BACKGROUND & OBJECTIVES: Beta-blockers have been shown to improve survival in both type A and type B acute aortic dissection (AAD) patients. Calcium channel blockers have been shown to selectively improve survival only in type B AAD patients. There is a lack of data on medication adherence in AAD survivors. The purpose of this study was to assess medication adherence in patients who survived an AAD.

METHODS

This was a cross-sectional survey-based study of individuals from a single medical centre which was part of the larger International Registry of Acute Aortic Dissection (IRAD). Patients with type A or B AAD who survived to discharge were included in this study. Individuals who were deceased based on the results of an online Social Security Death Index were excluded from the study. Data were obtained from both a survey and also from abstraction from the local academic institution's IRAD registry. A survey packet was sent to patients. One section of this survey was dedicated to assessing medication adherence using the 4-item Morisky scale.

RESULTS

Eighty two completed surveys were returned; 74 patients completed the section of the survey pertaining to medication adherence (response rate 38%). Morisky score was ≥1.0 for 27 (36%) patients and 0 for 47 (64%) patients. Thirty three patients reported yes to 'forget to take medications' and eight reported yes to 'careless with medications.' Medication non-adherence (defined as a score of ≥1.0 on Morisky) was associated with increased follow up recurrence of chest pain at one year of follow up. Only two patients stopped their antihypertensive on their own and did not cite a reason for doing this.
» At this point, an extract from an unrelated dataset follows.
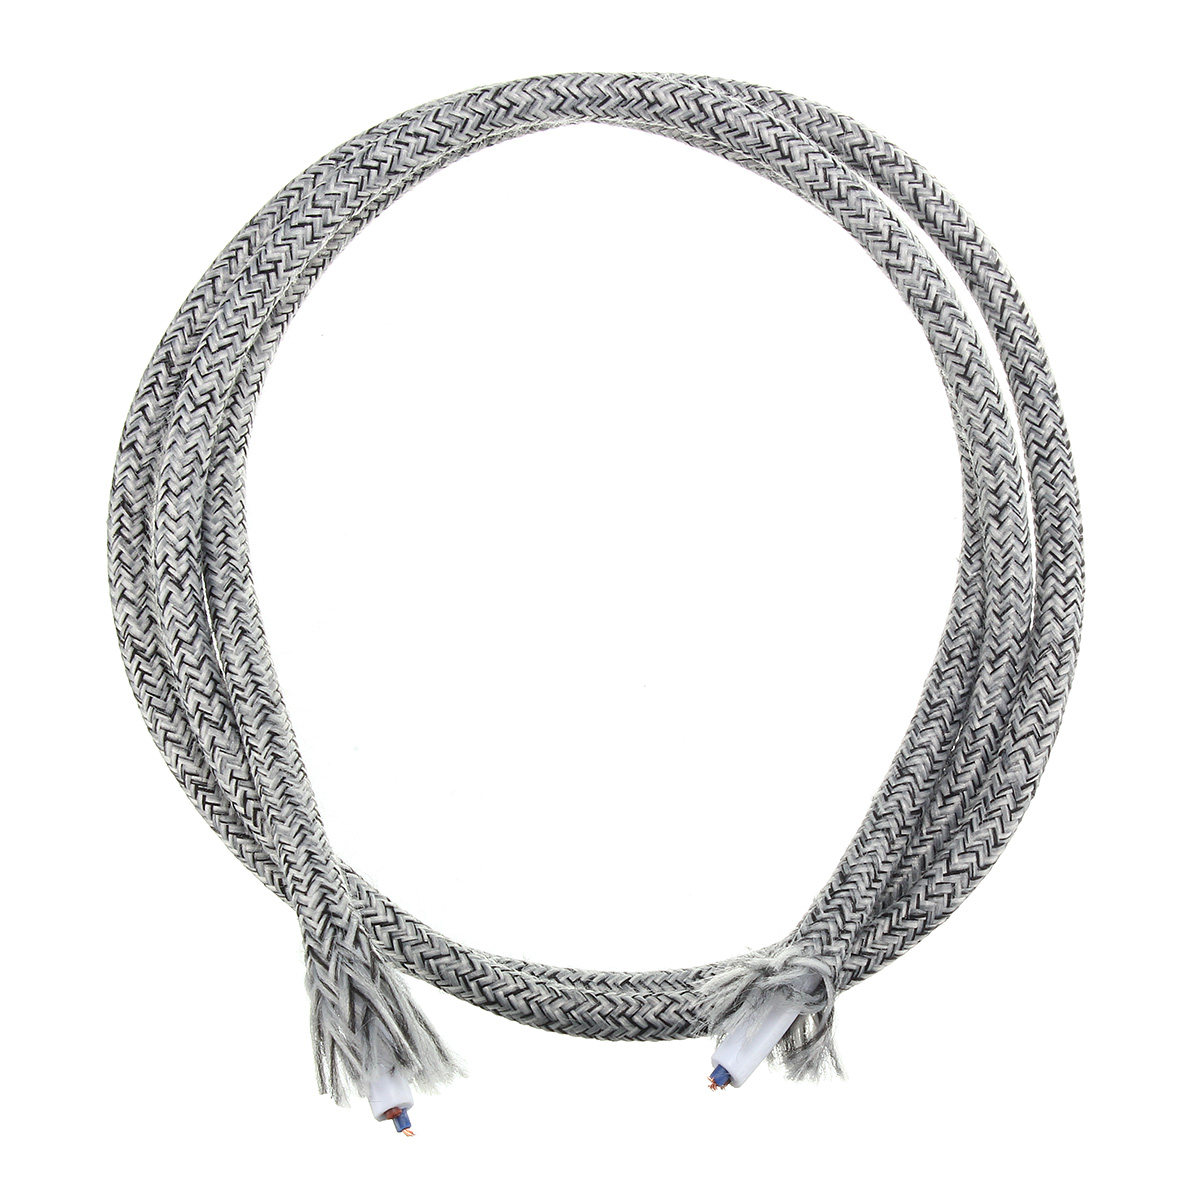 1M-2-Cord-Color-Vintage-Twist-Braided-Fabric-Light-Cable-Electric-Wire-1069141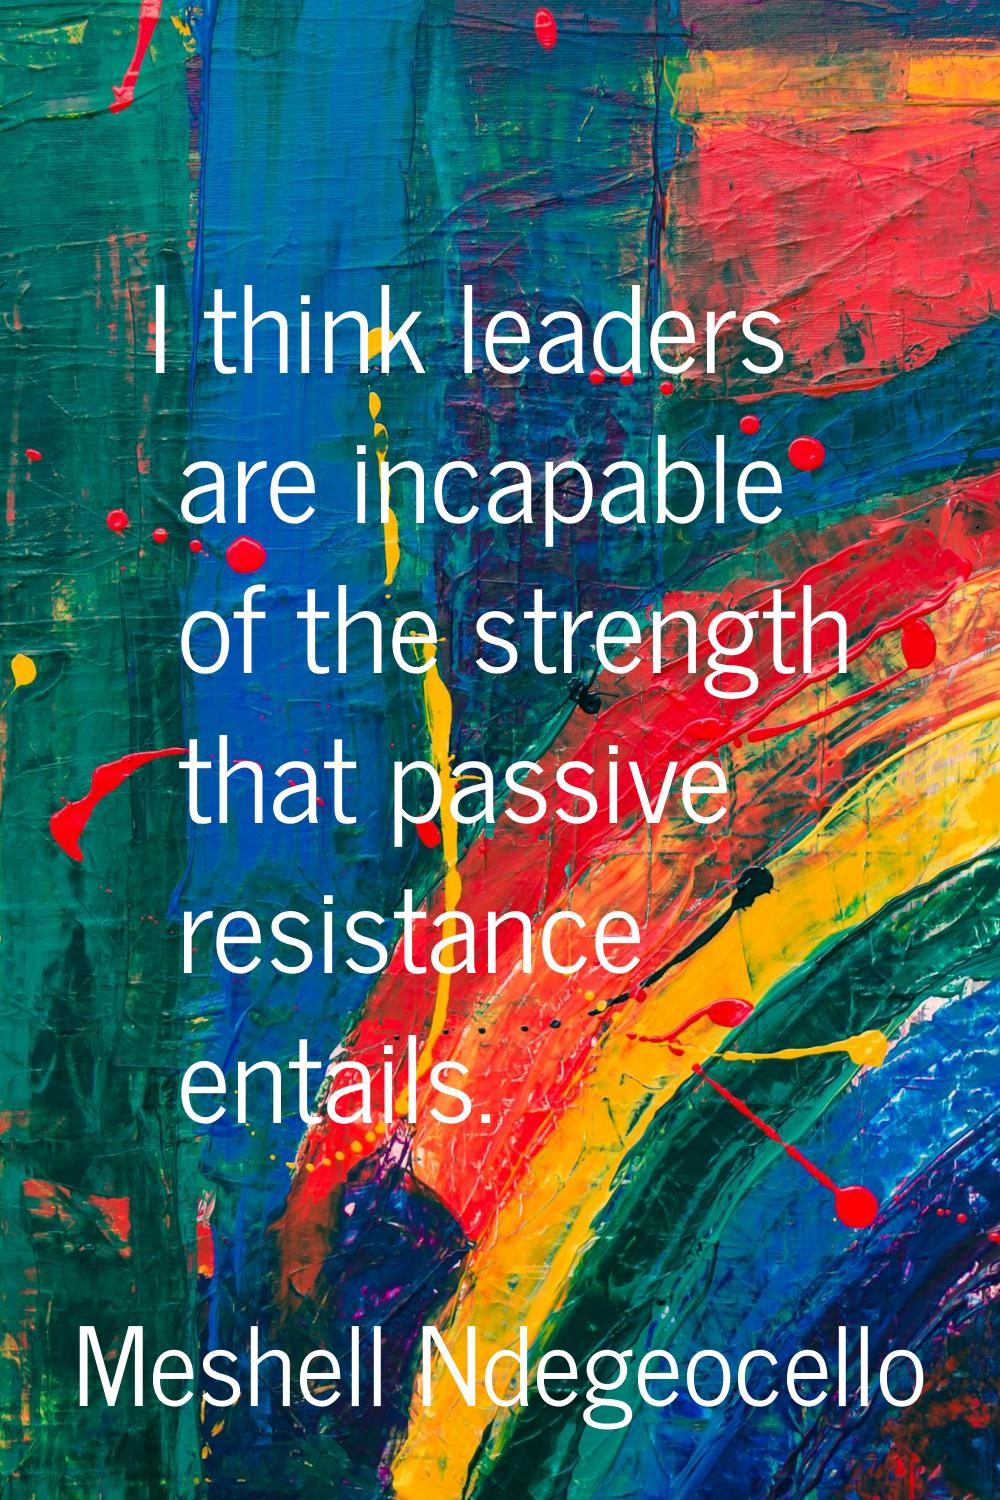 I think leaders are incapable of the strength that passive resistance entails.

INTERPRETATION & CONCLUSIONS: The medication adherence rate for patients who survived an AAD was 64 per cent at a median (Q1, Q3) of 7.1 yr (5.6, 11.5) after discharge, as per the Morisky scale. The clinicians should educate their patients on the importance of antihypertensive therapy and assess for forgetfulness and carelessness at each clinic visit, as well as understand patients' beliefs about drug therapy, all of which have been shown to increase medication adherence.

摘要

背景与目的

β受体阻滞剂已被证明可改善 A 型和 B 型急性主动脉夹层(AAD)患者的生存率。钙通道阻滞剂已被证明仅选择性改善 B 型 AAD 患者的生存率。关于 AAD 幸存者的药物依从性的数据不足。本研究的目的是评估 AAD 幸存者的药物依从性。

方法

这是一项基于单中心的横断面调查研究,该中心是更大的急性主动脉夹层国际注册中心(IRAD)的一部分。纳入本研究的患者为存活至出院的 A 型或 B 型 AAD 患者。根据在线社会安全死亡索引的结果确定已死亡的个体被排除在研究之外。数据来自调查和当地学术机构的 IRAD 登记处的摘录。向患者发送了一份调查问卷。调查问卷的一部分专门用于使用 4 项 Morisky 量表评估药物依从性。

结果

共收回 82 份完整的调查问卷;74 名患者完成了与药物依从性相关的调查部分(应答率 38%)。Morisky 评分为≥1.0 的患者有 27 名(36%),评分为 0 的患者有 47 名(64%)。33 名患者报告“忘记服药”,8 名患者报告“不注意用药”。药物不依从性(Morisky 评分≥1.0)与随访 1 年时胸痛复发率增加相关。只有两名患者自行停止服用降压药,但未说明原因。

解释与结论

根据 Morisky 量表,在出院后中位数(Q1,Q3)为 7.1 年(5.6,11.5)时,幸存的 AAD 患者的药物依从率为 64%。临床医生应向患者强调降压治疗的重要性,并在每次就诊时评估遗忘和粗心大意的情况,以及了解患者对药物治疗的信念,所有这些都已被证明可以提高药物依从性。